Clear the stage and bang the drums. I also ask you to pay strict attention to our newest hero in my Hall of Fame because if Lowe’s shoppers hadn’t obeyed Michael Hollowell last Saturday, there is the likelihood some more might have died in a terrifying April storm.
I’m like a lot of people, perhaps some who were in the Lowe’s store in Sanford, N.C., last week, when I blissfully ignore exit signs and hardly think of an escape route. But when the same storm that screamed through Chattanooga on Friday picked up fury as it swept through the Carolinas, there were about 100 people at Lowe’s when a savage tornado hit.
They call it a “super cell,” a weather pattern that spawns tornadoes, and Monday the death count neared 50 across six states. Had it not been for Hollowell, the store manager who is more adept at directing patrons to the paint department or appliances, it could have been a far-greater disaster.
Hollowell got the first inkling something was amiss when he saw panicked customers running towards the back of the huge building. Get this; because he and his fellow employees had gone through emergency training, he alerted employees via an in-store phone and then they herded about 60 customers and some 50 employees into a back room that spared every person serious injury.
Due to an emergency plan that Lowe’s had in place, believe it or not, the safest spot had reinforced concrete walls and did not have inventory piled high against the walls. Lowe, headquartered in Morehead, N.C., was assigning the employees to other locations on Monday.
The roof was sheared from the building, concrete-block walls collapsed, cars in the parking lot were flipped like playing cards and the crescendo of noise was deafening. “I’m not a hero,” Michael insists, calling the quick thinking a team effort, but grateful customers say he’s the reason they are alive.
“It was so tight people were shoulder-to-shoulder in the hallway. Nobody could move,” he admitted. Samford, in Lee County, reported one death from the storm, but it wasn’t at Lowe, where one employee had to grab a customer intent on taking pictures with his cell phone.
Dan Wear was frantically guiding customers towards safety when he had to hustle one onlooker into the hallway. As the customer ran behind him, the wind tossed him “like a bowling ball” into Ware’s legs and both ended up in Aisle 42 but were relatively unharmed.

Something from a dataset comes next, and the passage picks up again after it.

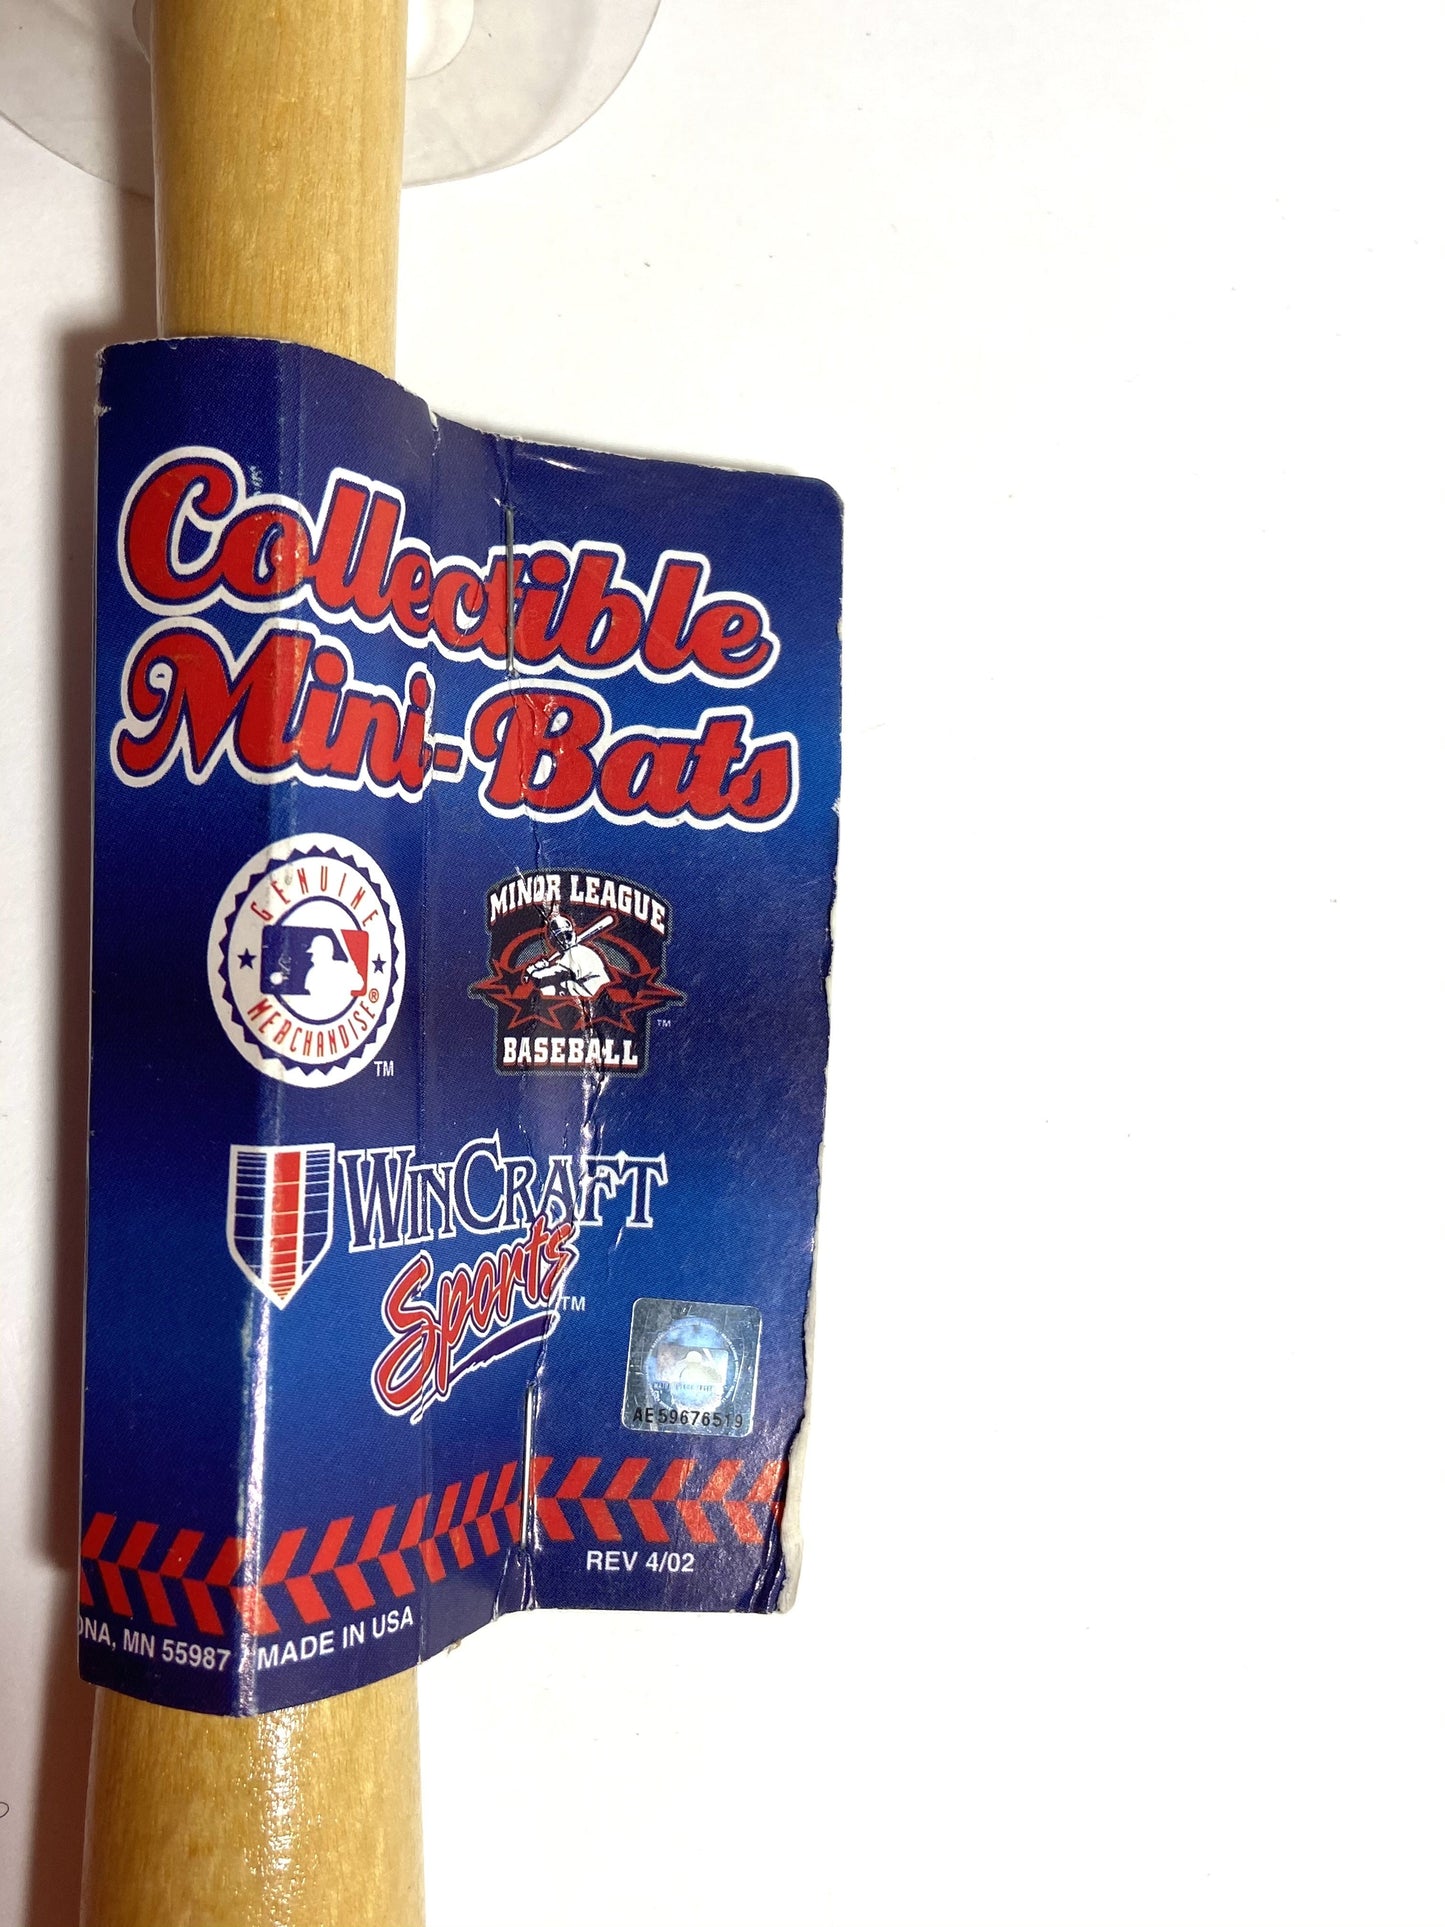 Chicago Cubs Vintage 2004 MLB 22" Wood w/Decal Mini-Bat by Wincraft

Two-thirds of the store was decimated, truck trailers were leaning against debris in the lumber department and the entire store front was flattened. “You could hear steel ripping,” said Hollowell and a survivor in a nearby county said, “It looked just like the Wizard of Oz.”
Kathy Henricks and her husband, who just bought a house last month, told Raleigh TV station WRAL that as they made their weekly visit to Lowe’s she had joked, "We need to get somewhere safe. We're going to Lowe's," she laughed. "Guess what? We were right in the path."
Seconds later, store employee Jeff Glenn said, “We watched it come over the sky and said, 'Yo, this can't be happening to us!”
And that’s where our Hero, Mr. Hollowell, kept a clear head and wonderfully orchestrated an escape to a windowless room in the rear of the store. “It was a team effort. One person didn’t save all those lives,” he said, but police beg to differ, saying it was his cool head that made the difference.
While Hollowell should never forget his bravery, special kudos goes to Terry Rodriquez of the Golden Corral Restaurant nearby. About 140 people were eating at her restaurant, many in front of plate-glass windows.
“All I could think is that I have to get them away from the glass because I knew it would just cut them in half,” she told the Raleigh News and Observer. “I thought, where can I put them? Then I yelled: ‘Tornado! Everyone to my kitchen!’ ”
With people packed in the meat cooler and rest rooms, the tornado jumped over the Golden Corral only to land on Lowe’s, some 200 yards away. The restaurant suffered only slight damage.
So, as we applaud Michael Hollowell, permit me to lend the moral of the store. When a store manager orders you to safety, immediately follow his or her lead and don’t dare tarry. If you don’t, you could end up with your silly cell-phone camera in aisle 42.